#### Directions
Each record below is to be copied word for word, with pictures removed.

#### Data under study
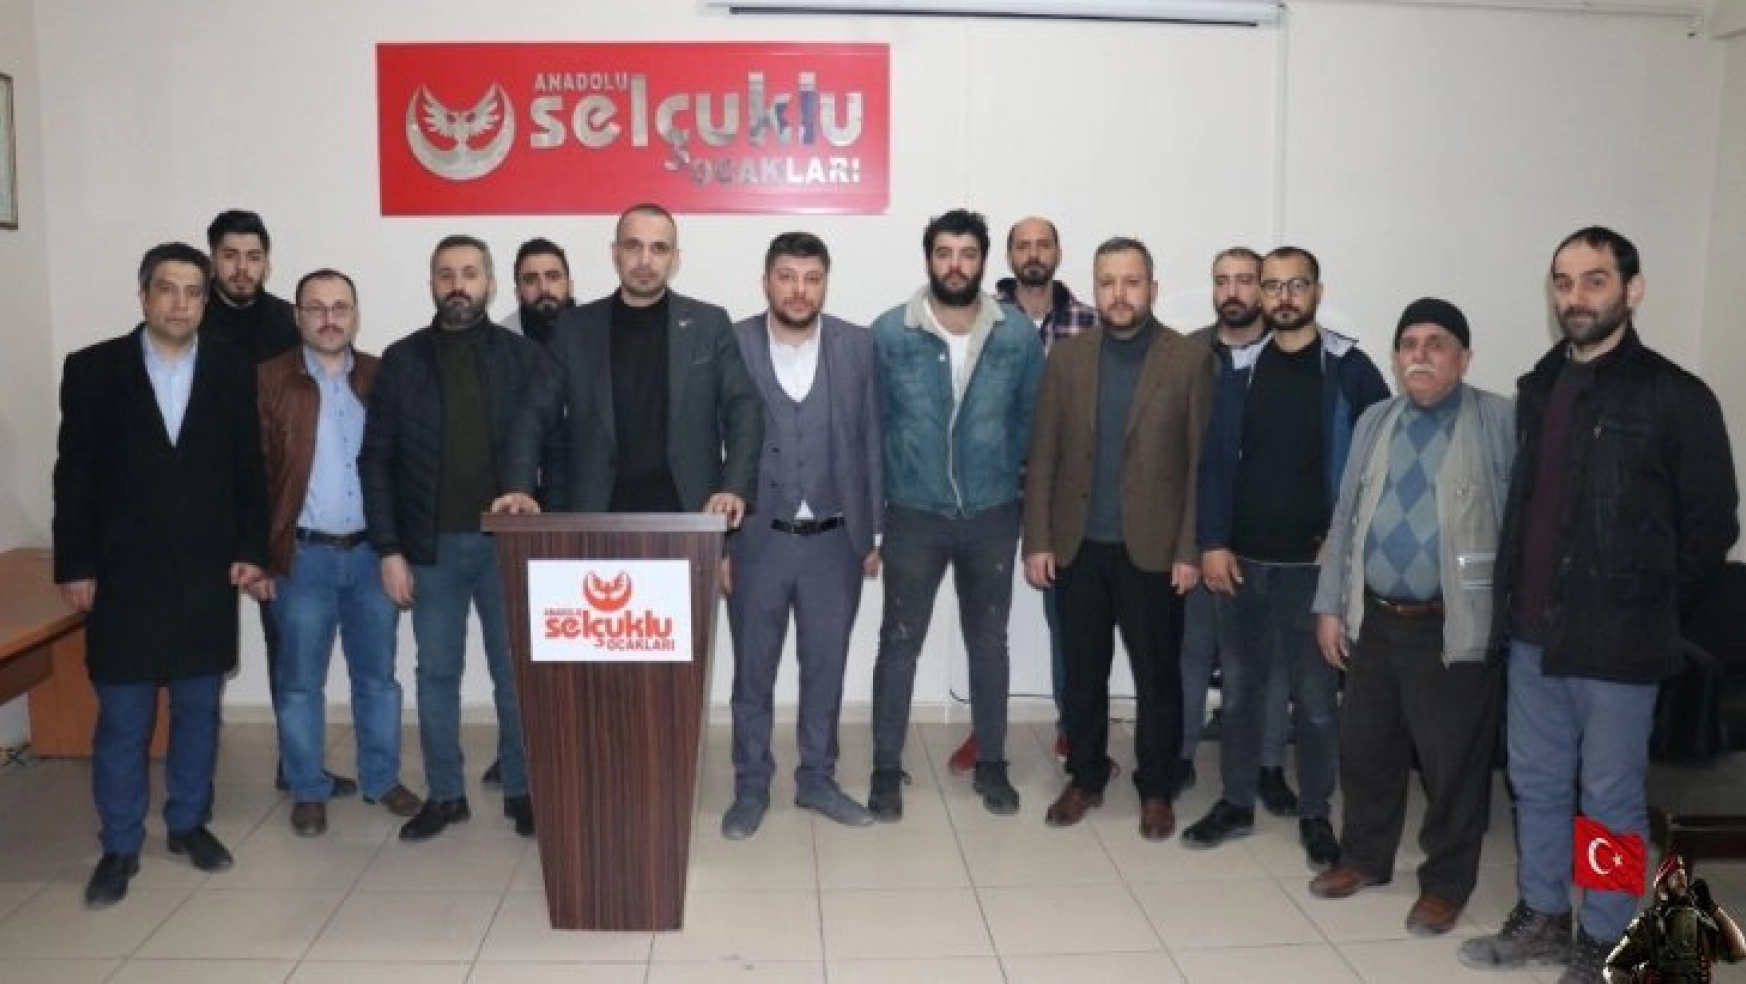 Anadolu Selçuklu Ocaklarından TSK'ya destek açıklaması
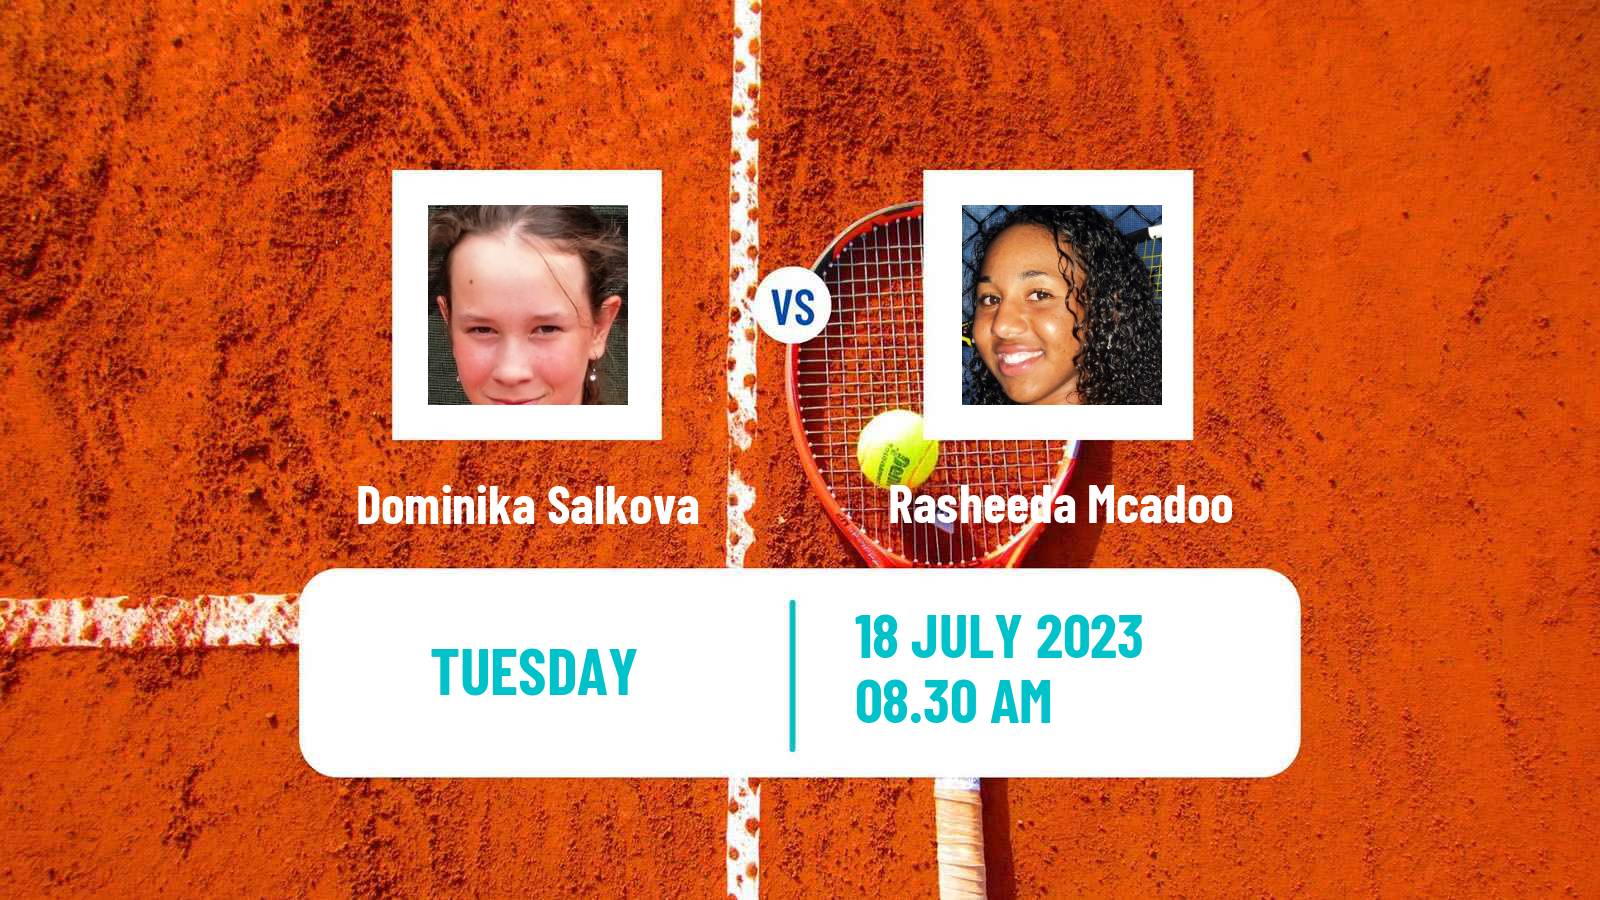 Tennis ITF W40 Porto 3 Women Dominika Salkova - Rasheeda Mcadoo
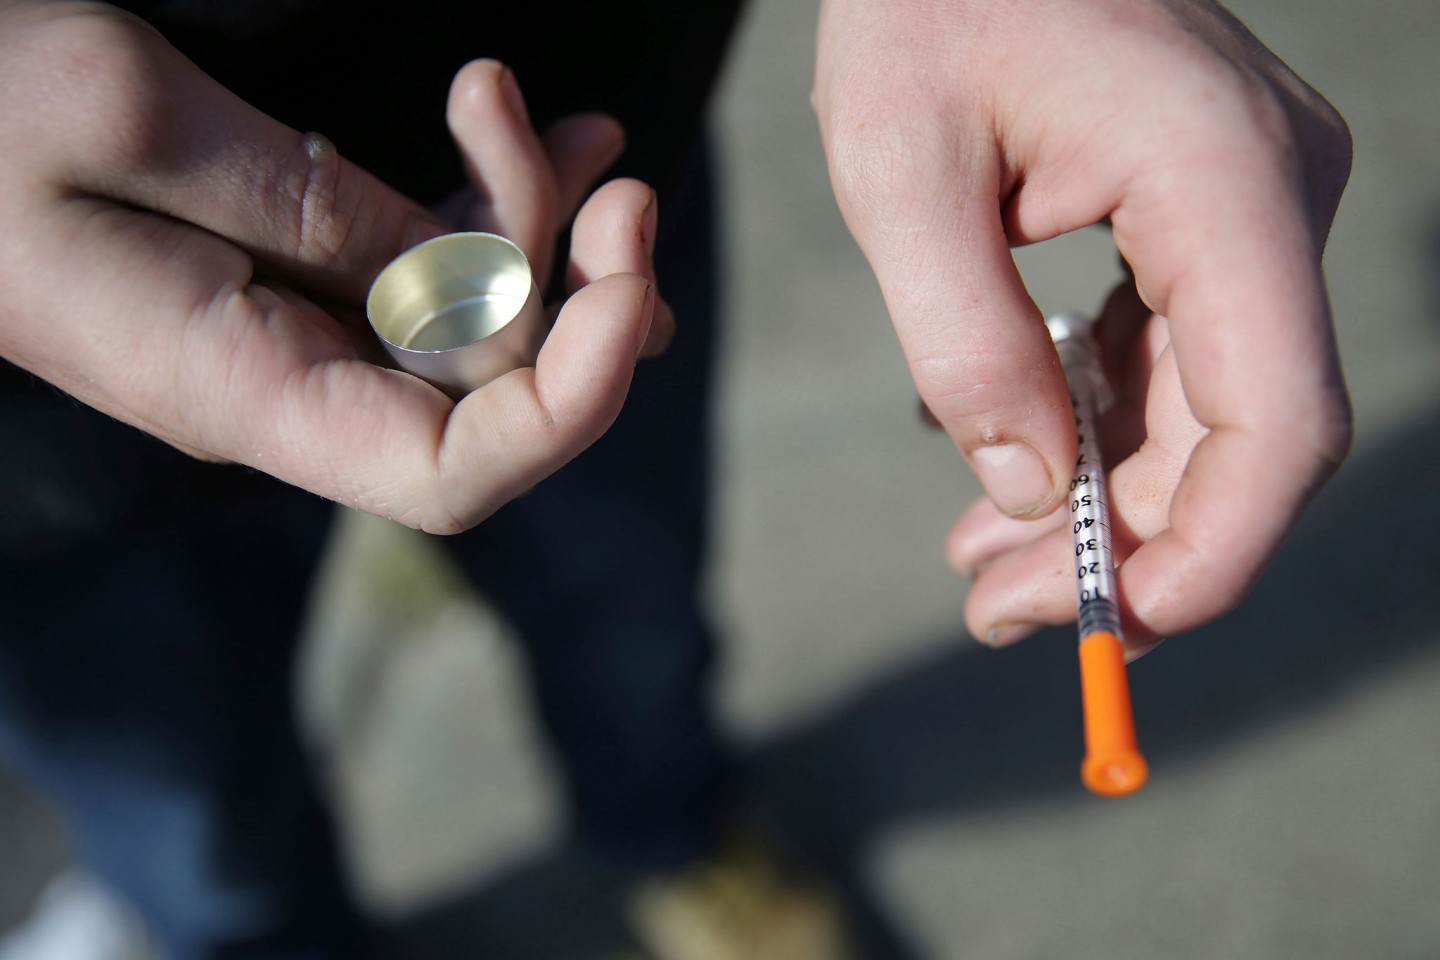 Ein Mann in Philadelphia hält eine Spritze für eine Fentanyl-Injektion in der Hand.
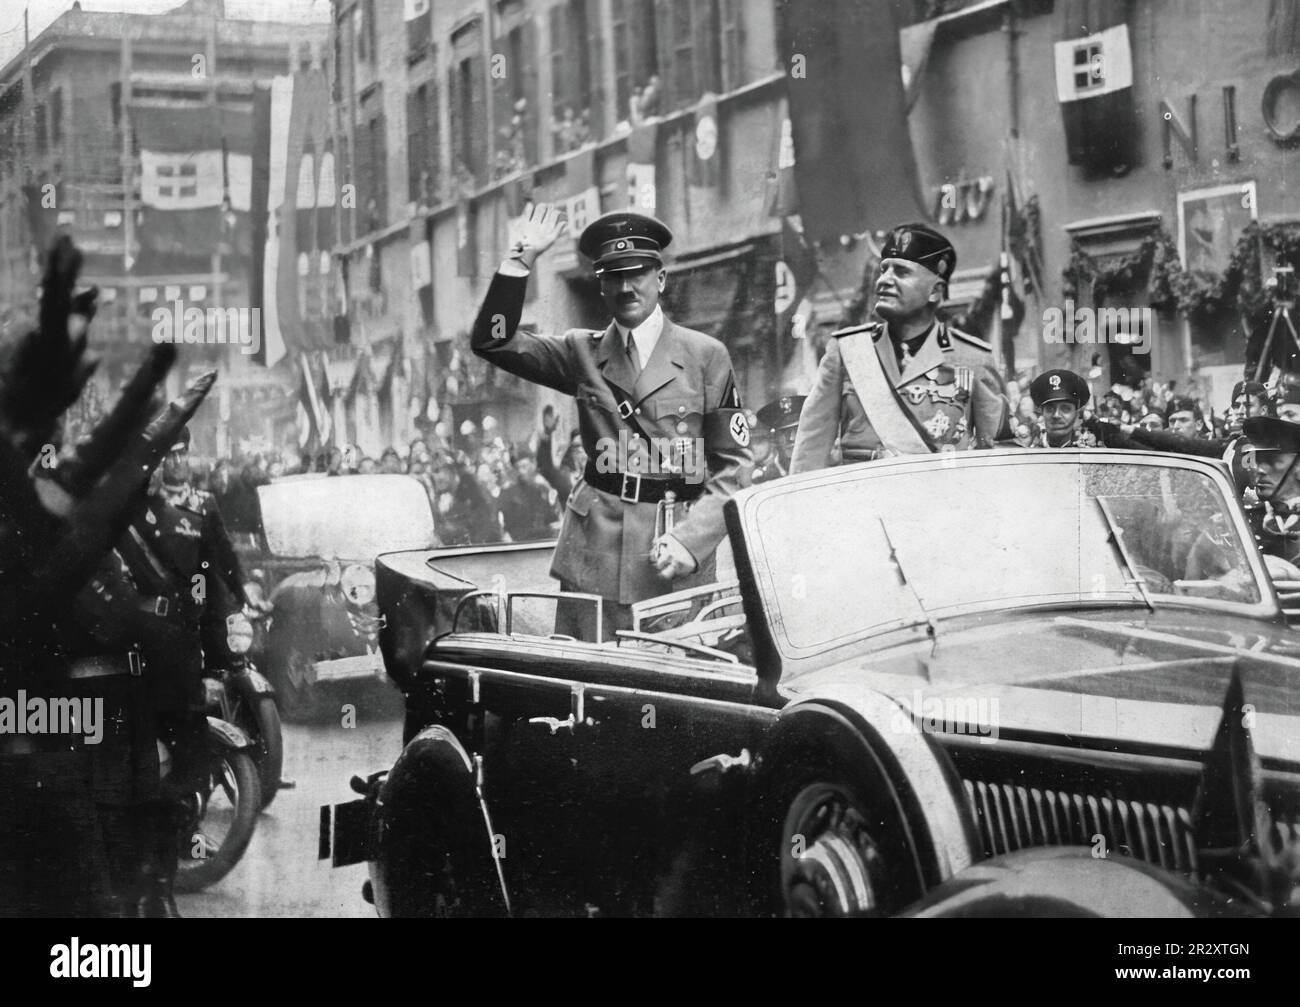 Incontro del dittatore italiano Benito Mussolini con il dittatore nazista Hitler in Italia nel 1938 Foto Stock
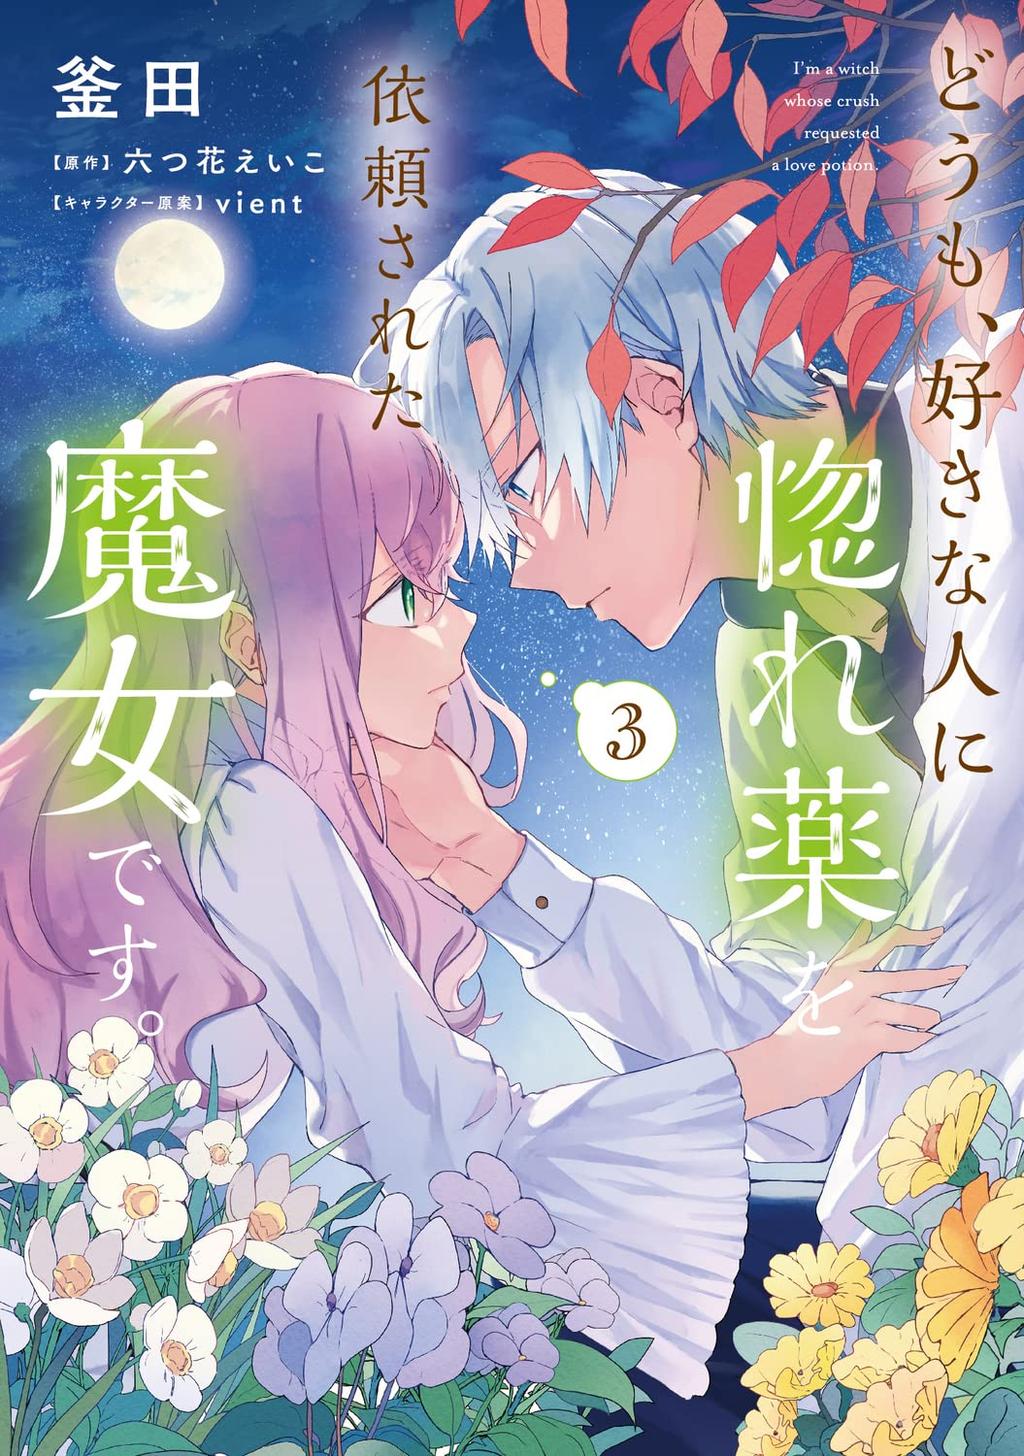 Manga Passion „hallo Ich Bin Eine Hexe And Mein Schwarm Wünscht Sich Einen Liebestrank Von Mir 9256
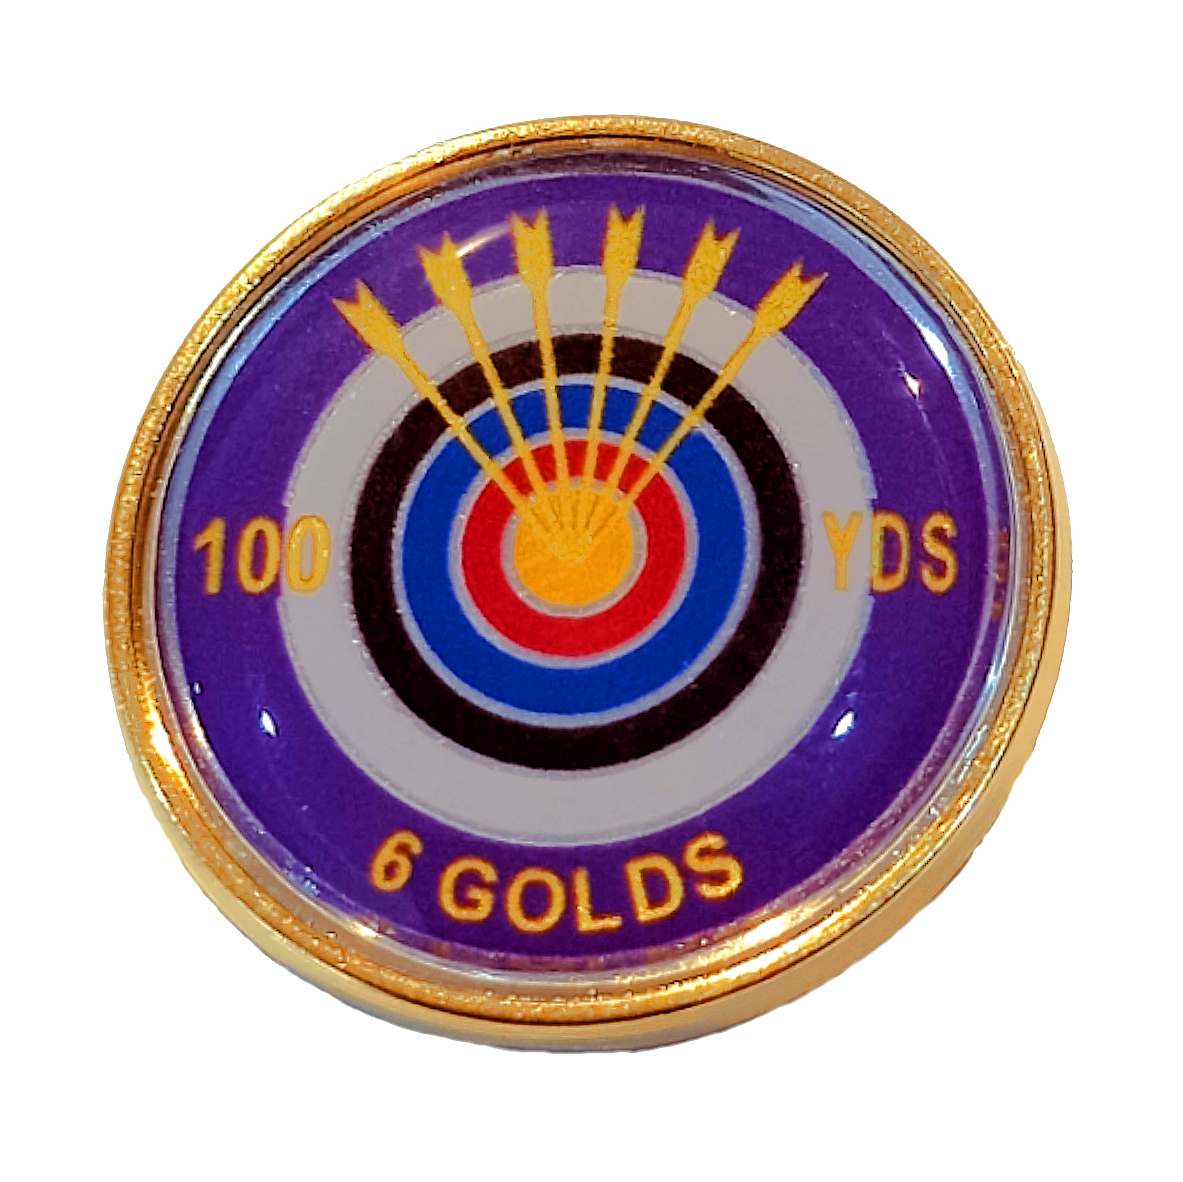 Six Golds premium badge

#### Task response
 Anadolu Selçuklu Ocaklarından TSK'ya destek açıklaması
 Tennis ITF W40 Porto 3 Women Dominika Salkova - Rasheeda Mcadoo
 Ein Mann in Philadelphia hält eine Spritze für eine Fentanyl-Injektion in der Hand.
 Incontro del dittatore italiano Benito Mussolini con il dittatore nazista Hitler in Italia nel 1938 Foto Stock
 Manga Passion „hallo Ich Bin Eine Hexe And Mein Schwarm Wünscht Sich Einen Liebestrank Von Mir 9256
 Six Golds premium badge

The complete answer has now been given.